I think the FIELDSET element makes a nice looking standalone template style all by itself. Good for a blog, good for a standalone post. That is, let the browser's default do all the styling work. I added a few minor tweaks via CSS but it barely needs any CSS at all (except, perhaps a width limit). I also added the PRE (ASCII) and CODE elements from The Monospace template - they seem useful.
The biggest issue (for me) is the lack of support for text browsers. These browsers simply do not support the visual aspects of the FIELDSET element.
To help separate content on these browsers, I added hr { visibility: hidden; } to the CSS. Invisible to mainstream browsers but very useful for text browsers. The HR element needs to be manually added between each FIELDSET.
hr { visibility: hidden; }
The CSS works on every mainstream browser from 2013 onward.

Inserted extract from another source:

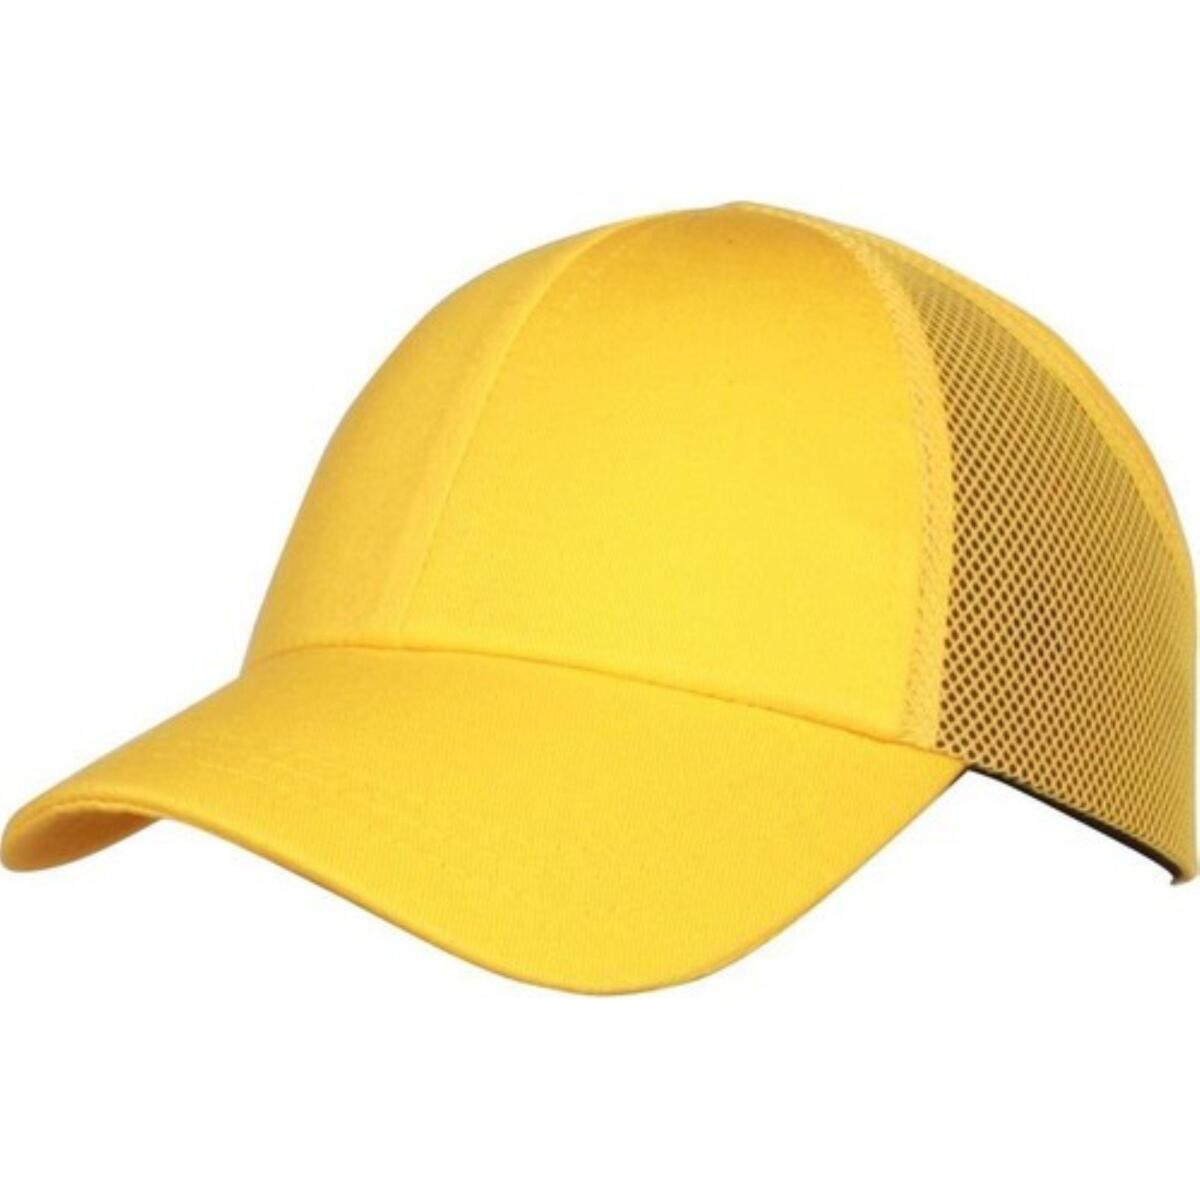 Iş Güvenliği Koruyucu Darbe Emici Top Kep Şapka Baret Sarı
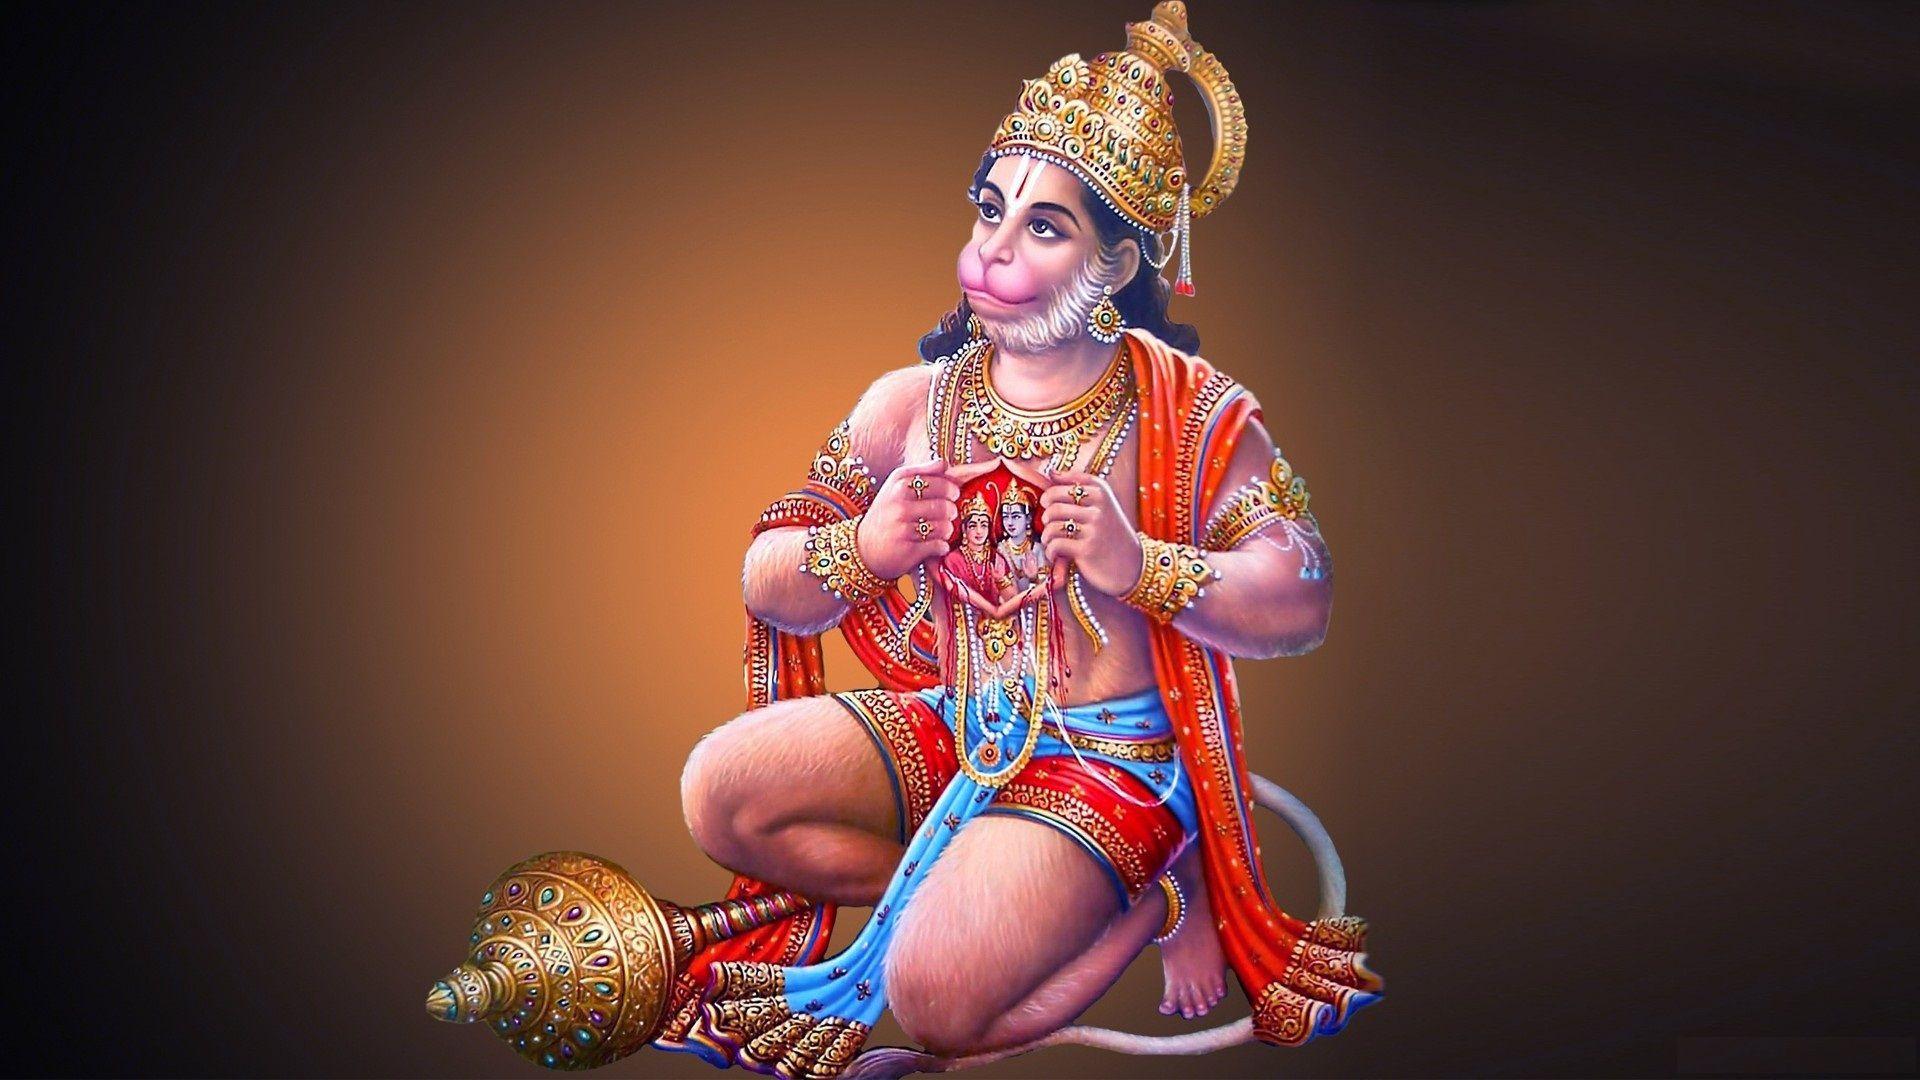 Lord Hanuman Full HD 1080p Wallpaper Free Image Download

Below are the last couple of posts I made on my regular blog.
I was working toward creating a basic CSS template and eventually came up with The Monospace↗ (permanent home at the Free Apps↗ page). The template is just the CSS itself (<style>...</style>) and serves as a quick way to post static pages in the style presented in the linked demo.
It's not too dissimilar to bettermotherfuckingwebsite.com (7 declarations) in intent but it has 39 declarations in total: 10 of which are CSS 3.
Updated this blog's template to be fully HTML5/CSS. Removed the few remaining HTML 3.2 tags that were a carryover from when the blog was manually updated. Creating new templates based on this sample will be much simpler. Find the new file at the Free Apps page.
This template is CSS 2.1 with one CSS3 property (border-radius for the rounded corners).